─── Data excerpt ───
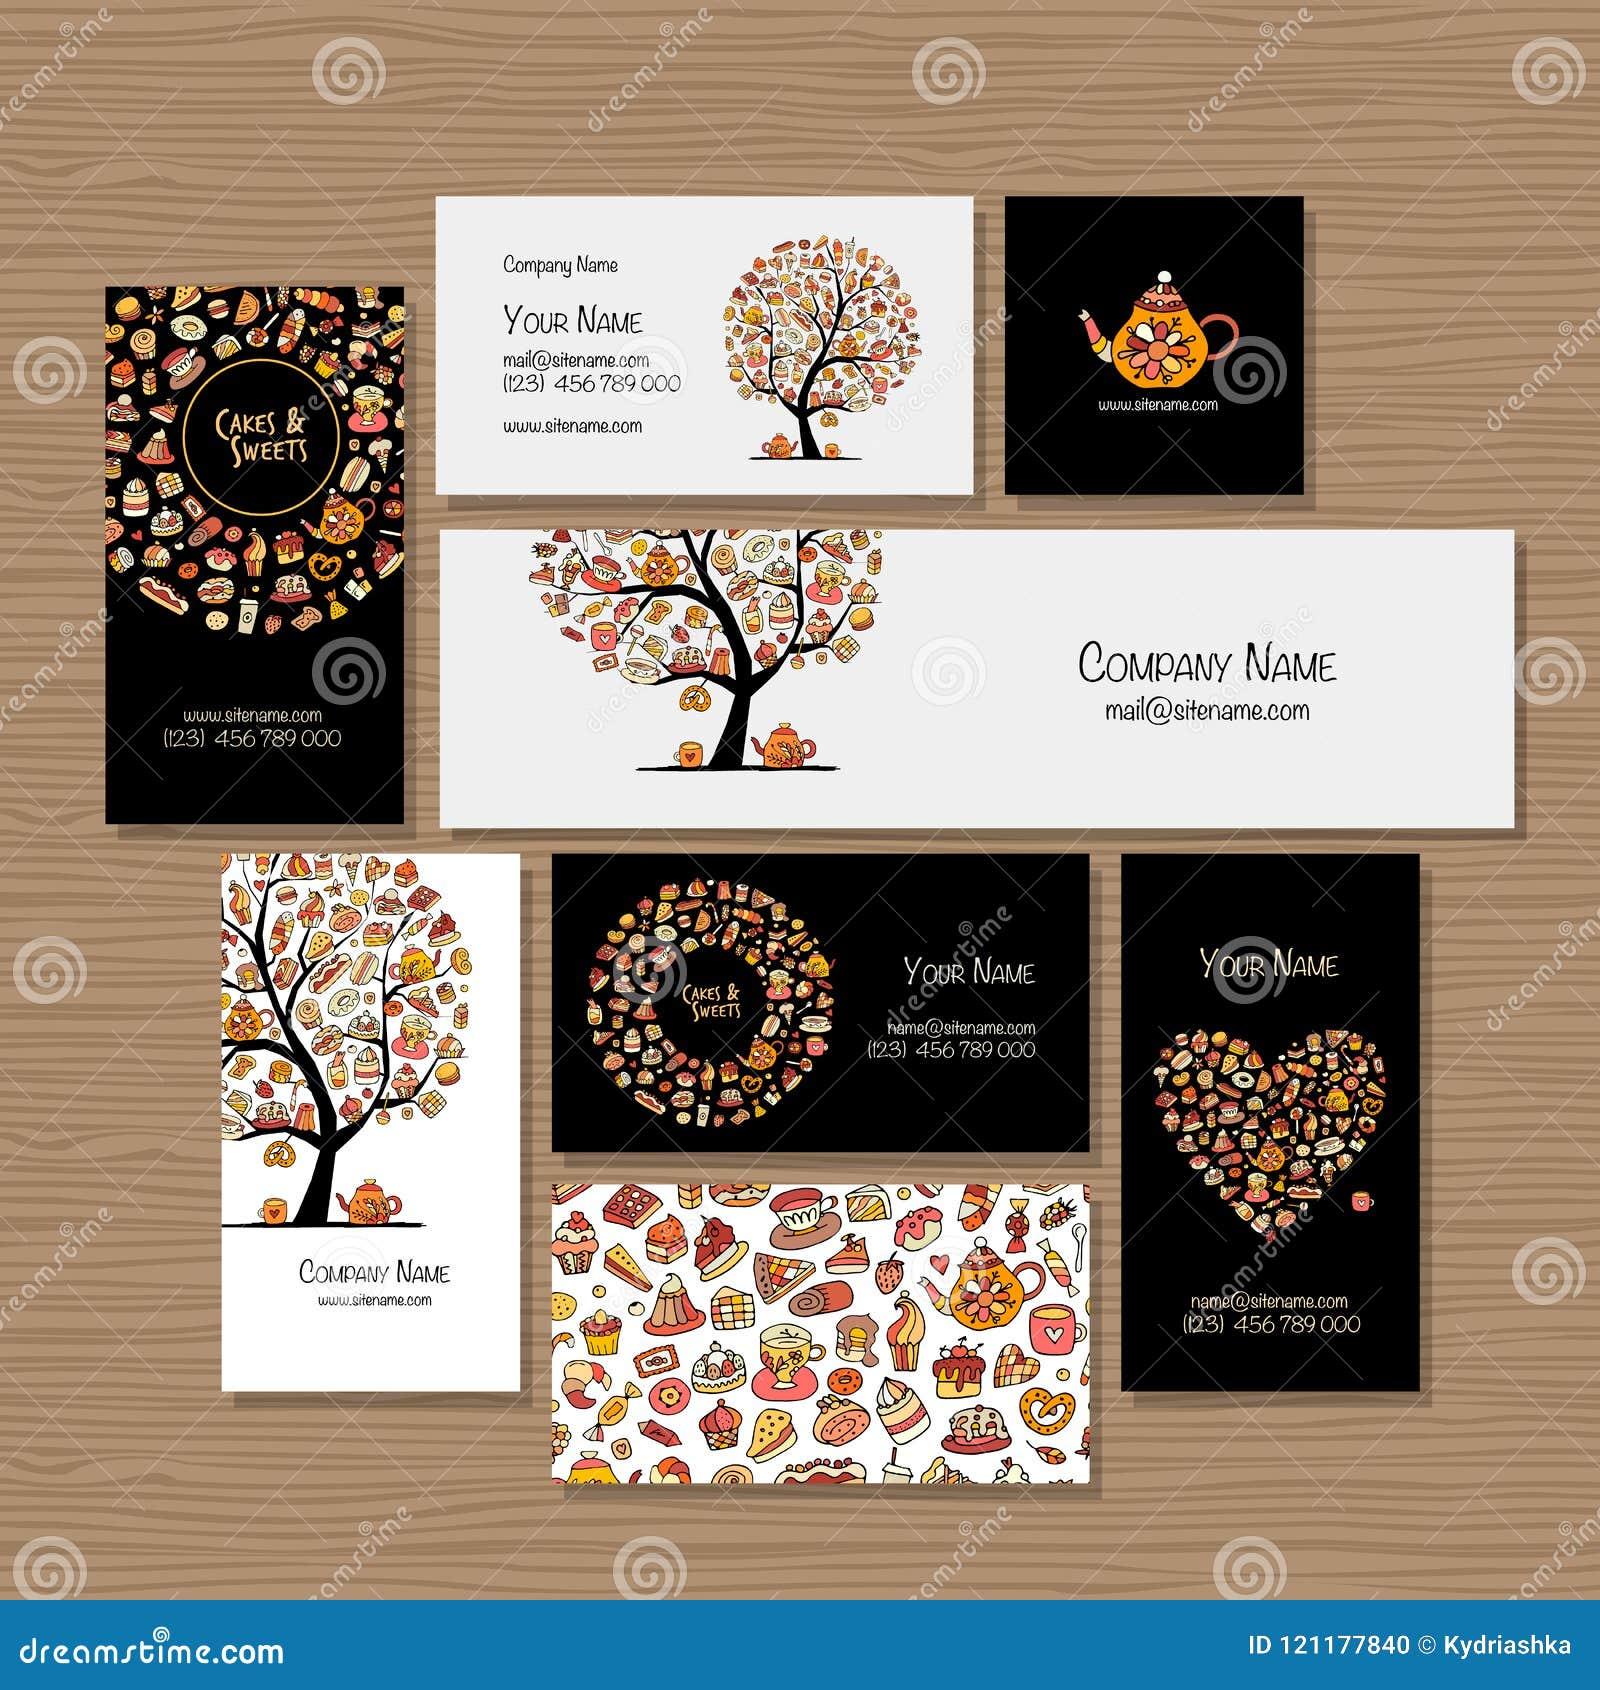 Cartes De Visite Professionnelle Ide Conception Pour La Socit Boutique
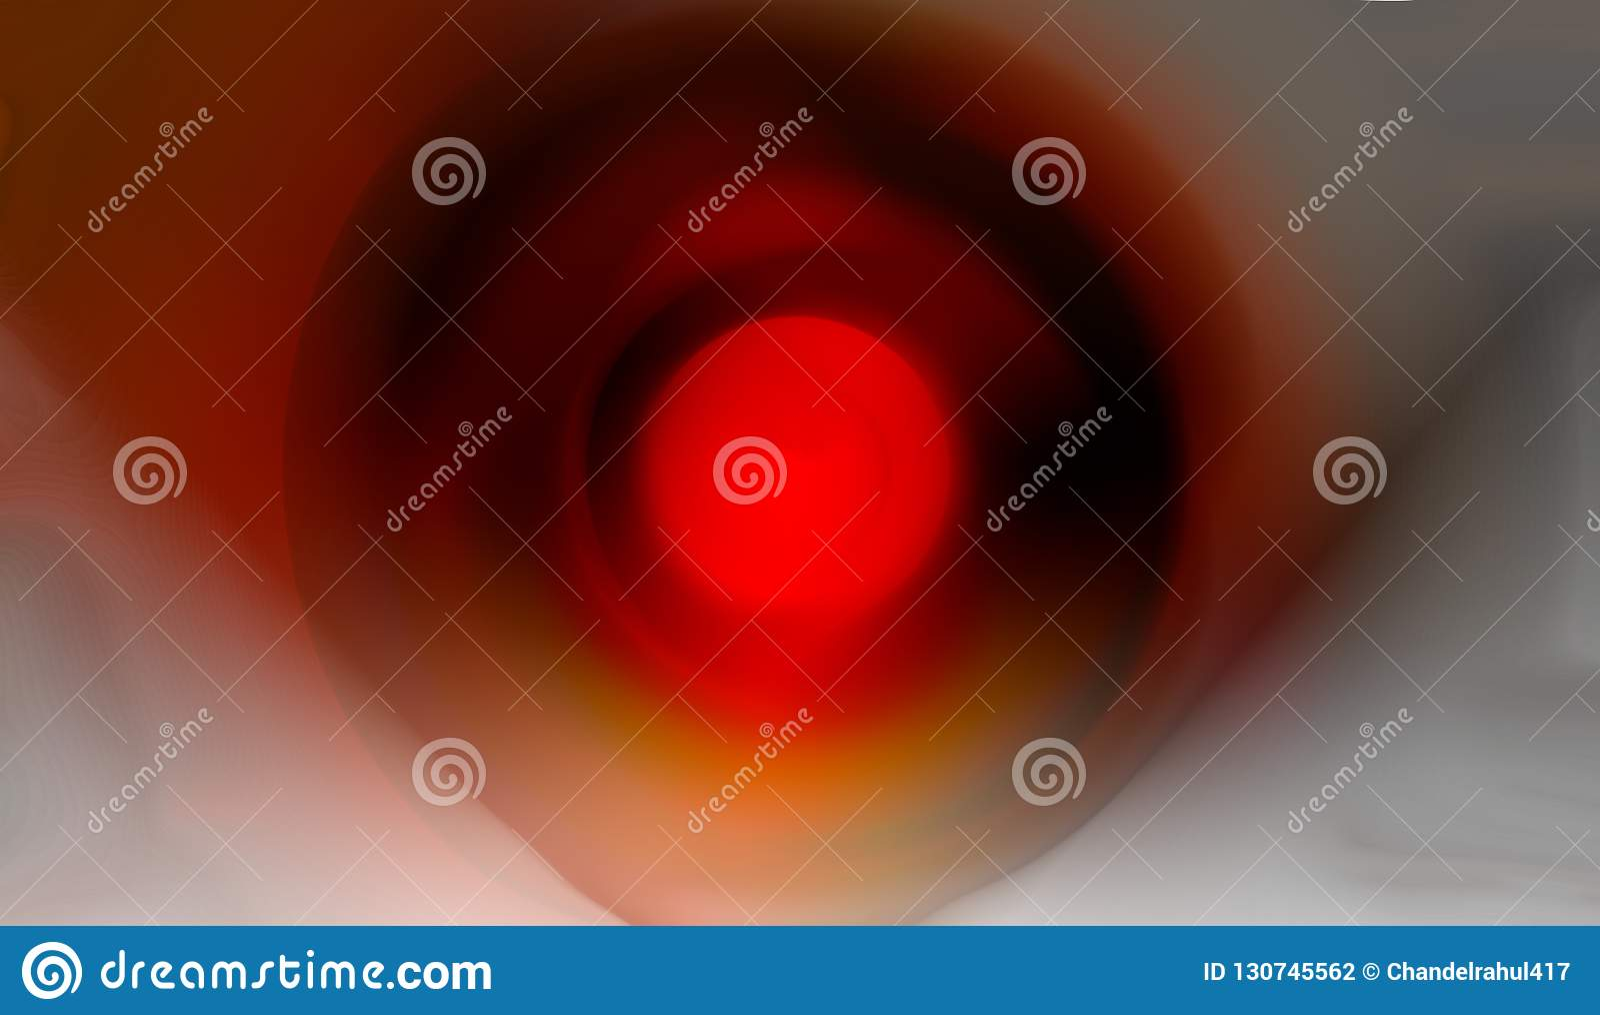 Papier peint ombragé rouge foncé et par wite brouillé jaune de fond illustration vive de vecteur de couleur
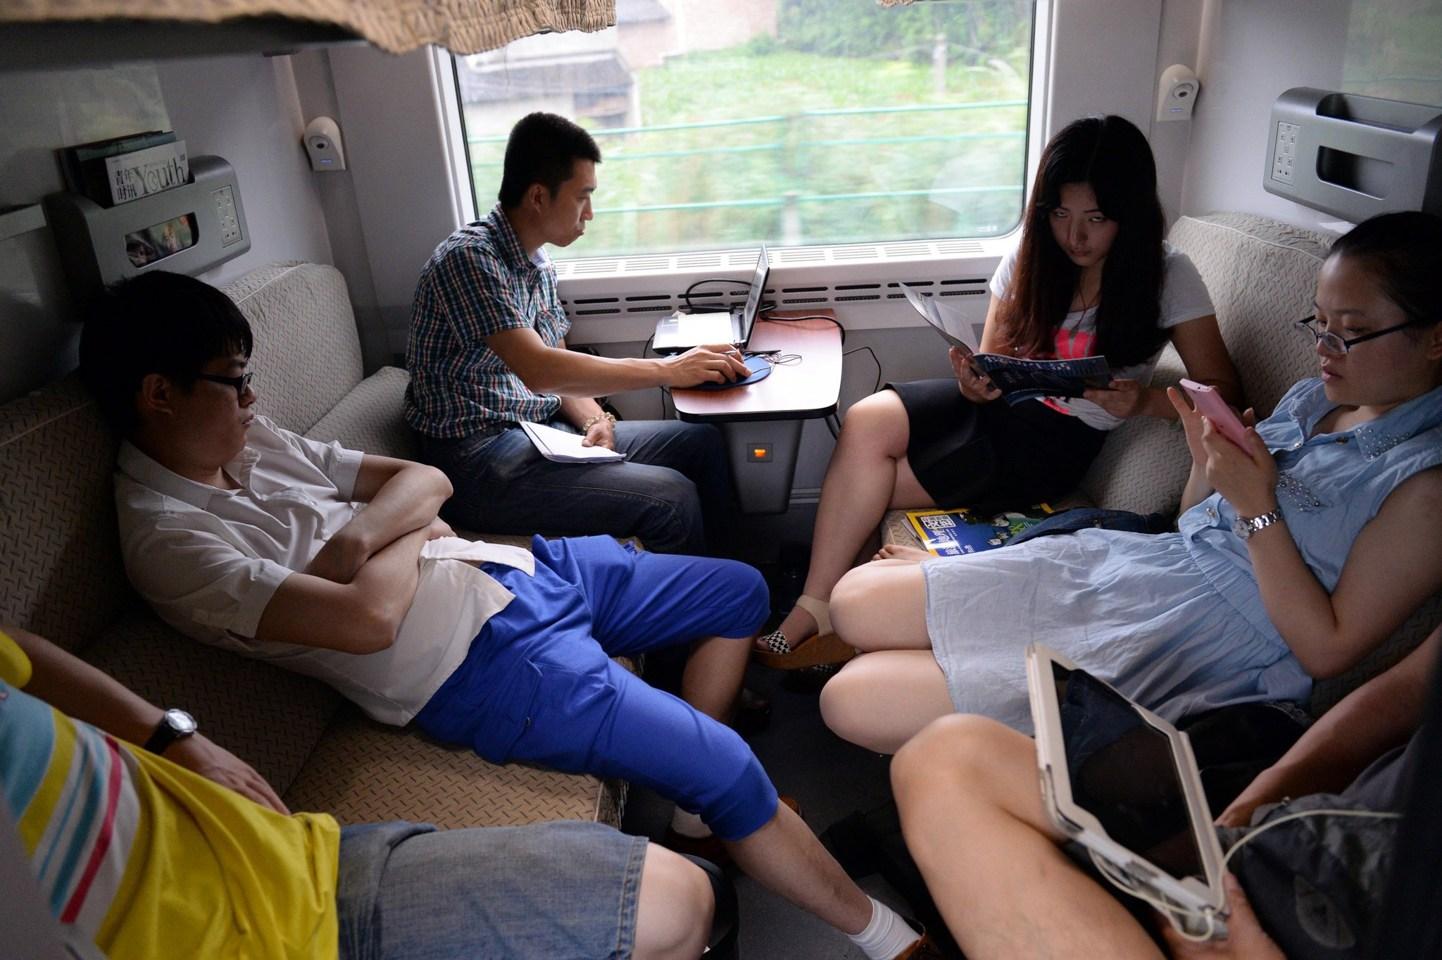 火车高级软卧图片 31火车高级软卧 火车高级软卧图片图片
───
◆ Task prompt: Please reproduce the lines above from the one containing "Papier peint ombragé" through the final line, exactly and inclusively, leaving out each picture.

◆ Solution for this problem:
 Papier peint ombragé rouge foncé et par wite brouillé jaune de fond illustration vive de vecteur de couleur
 火车高级软卧图片 31火车高级软卧 火车高级软卧图片图片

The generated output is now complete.